# Available data

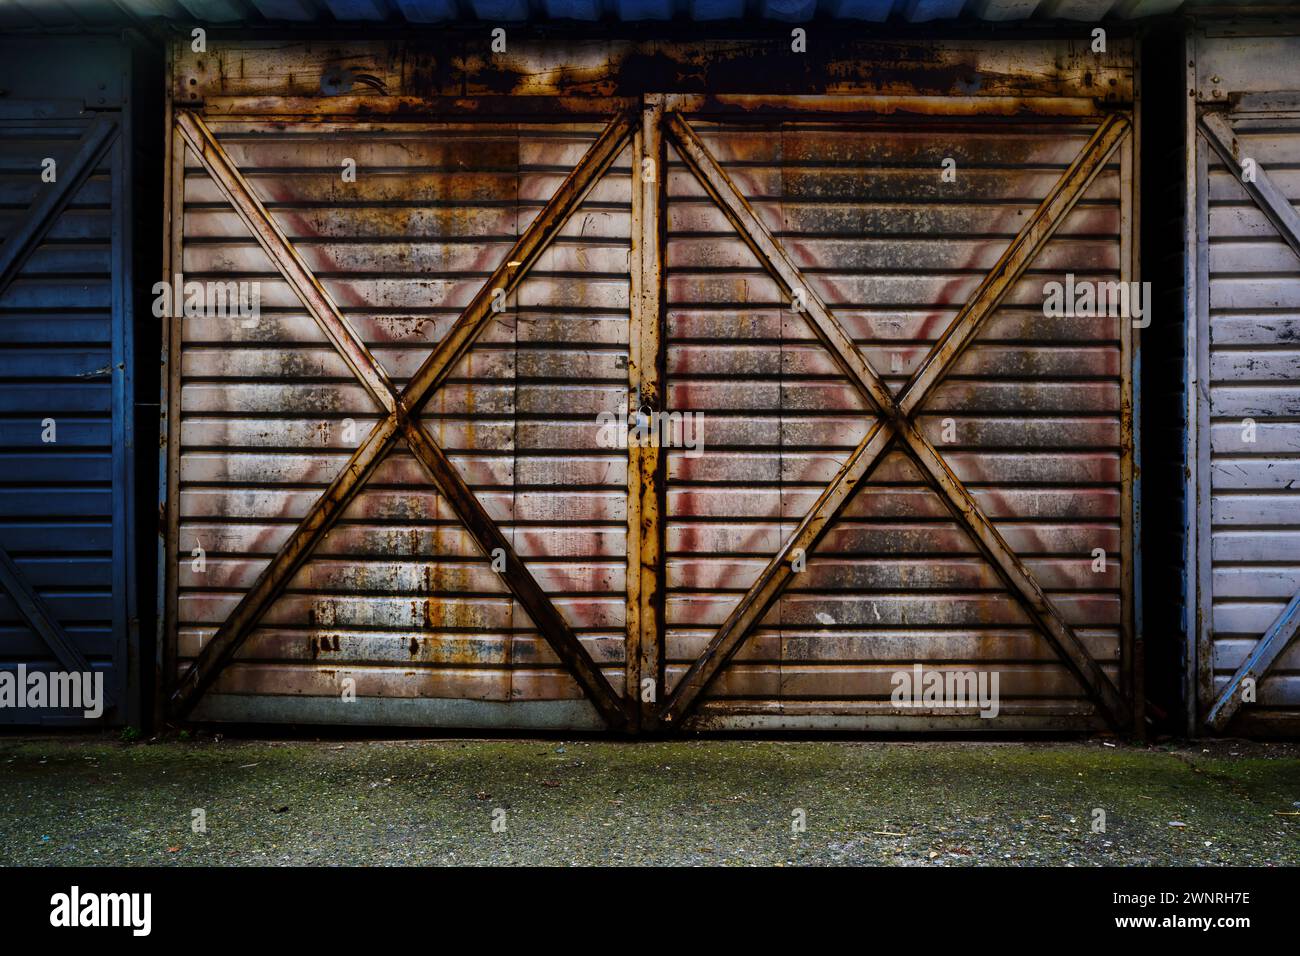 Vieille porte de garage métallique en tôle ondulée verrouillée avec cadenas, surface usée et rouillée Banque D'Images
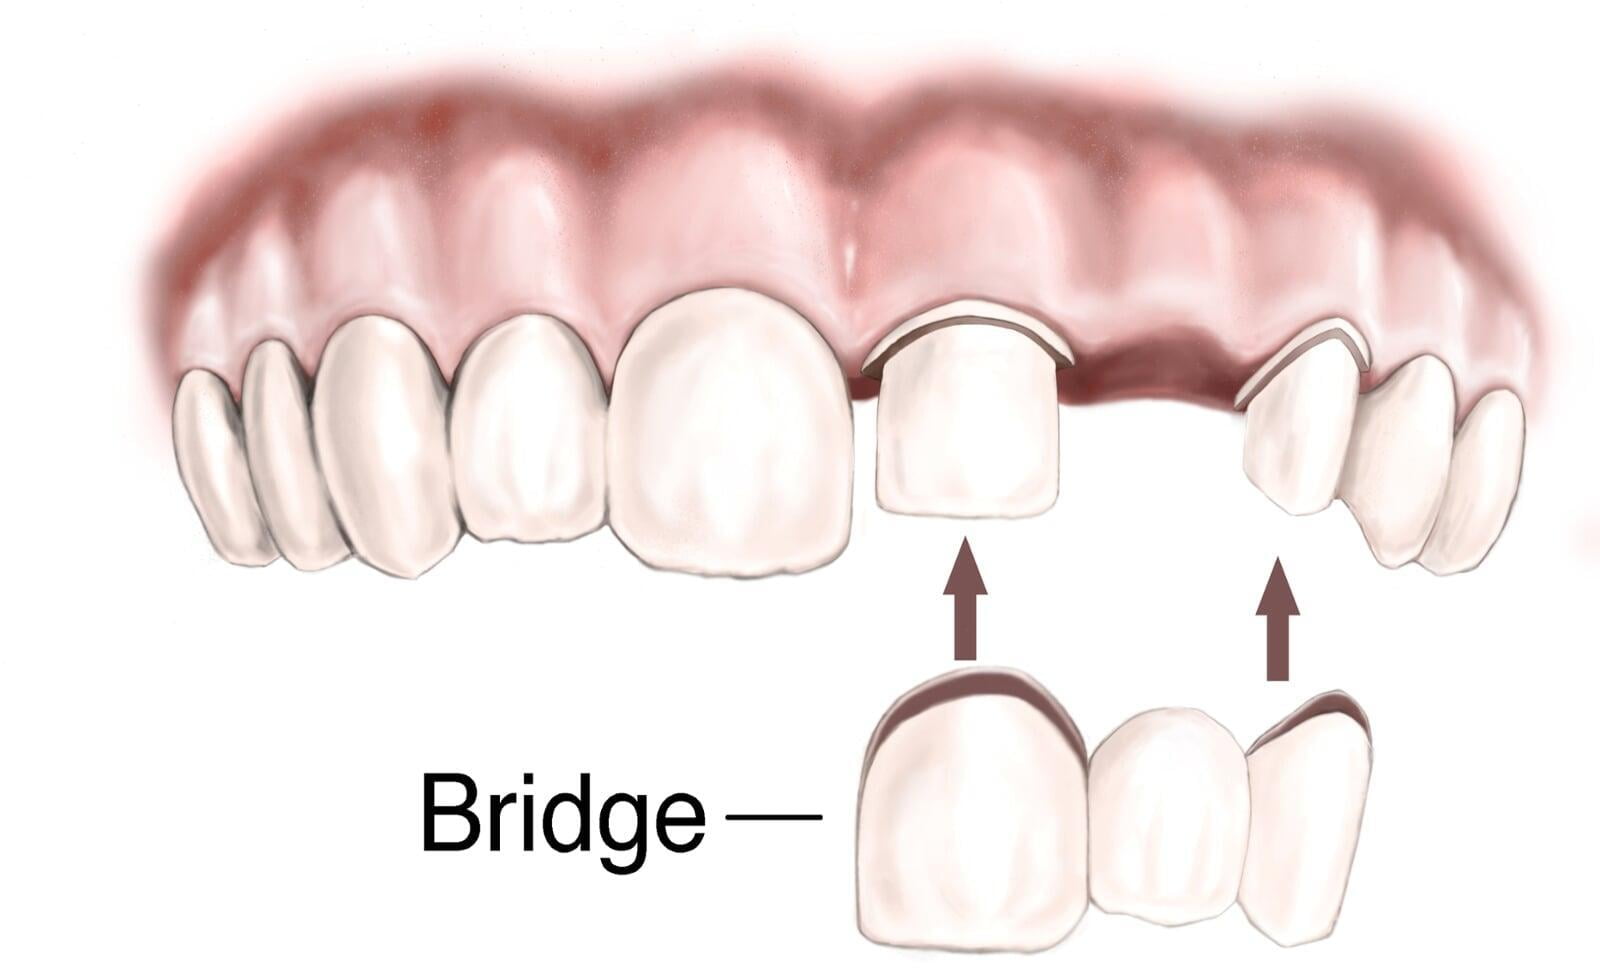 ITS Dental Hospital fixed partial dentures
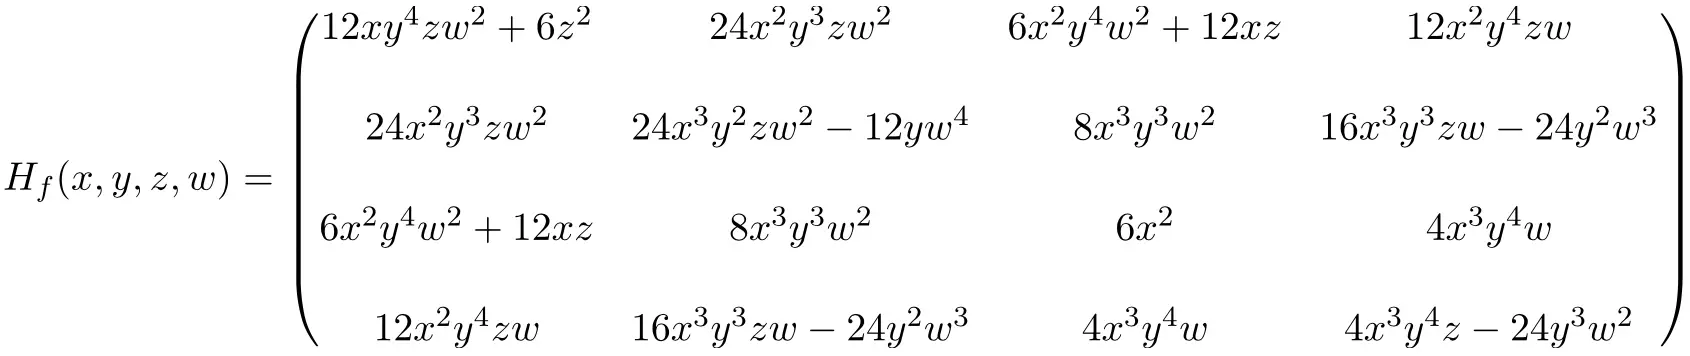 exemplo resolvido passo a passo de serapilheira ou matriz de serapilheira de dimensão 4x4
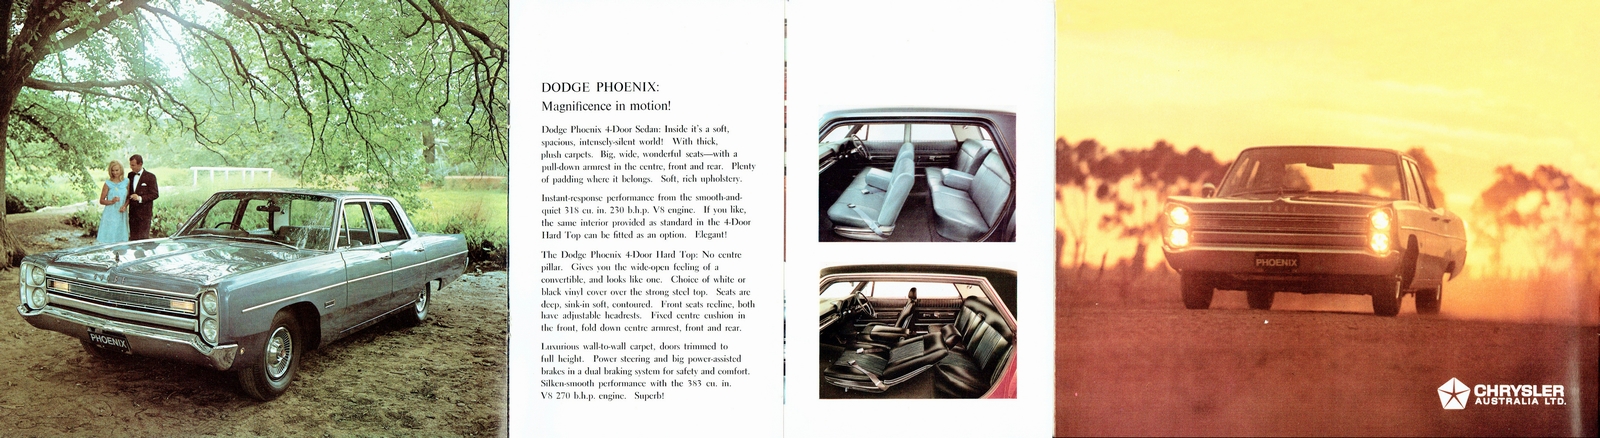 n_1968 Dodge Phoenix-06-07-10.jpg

# Required action
All of the material above is to be copied exactly, except for its images.

# Task response
 Vieille porte de garage métallique en tôle ondulée verrouillée avec cadenas, surface usée et rouillée Banque D'Images
 ITS Dental Hospital fixed partial dentures
 exemplo resolvido passo a passo de serapilheira ou matriz de serapilheira de dimensão 4x4
 n_1968 Dodge Phoenix-06-07-10.jpg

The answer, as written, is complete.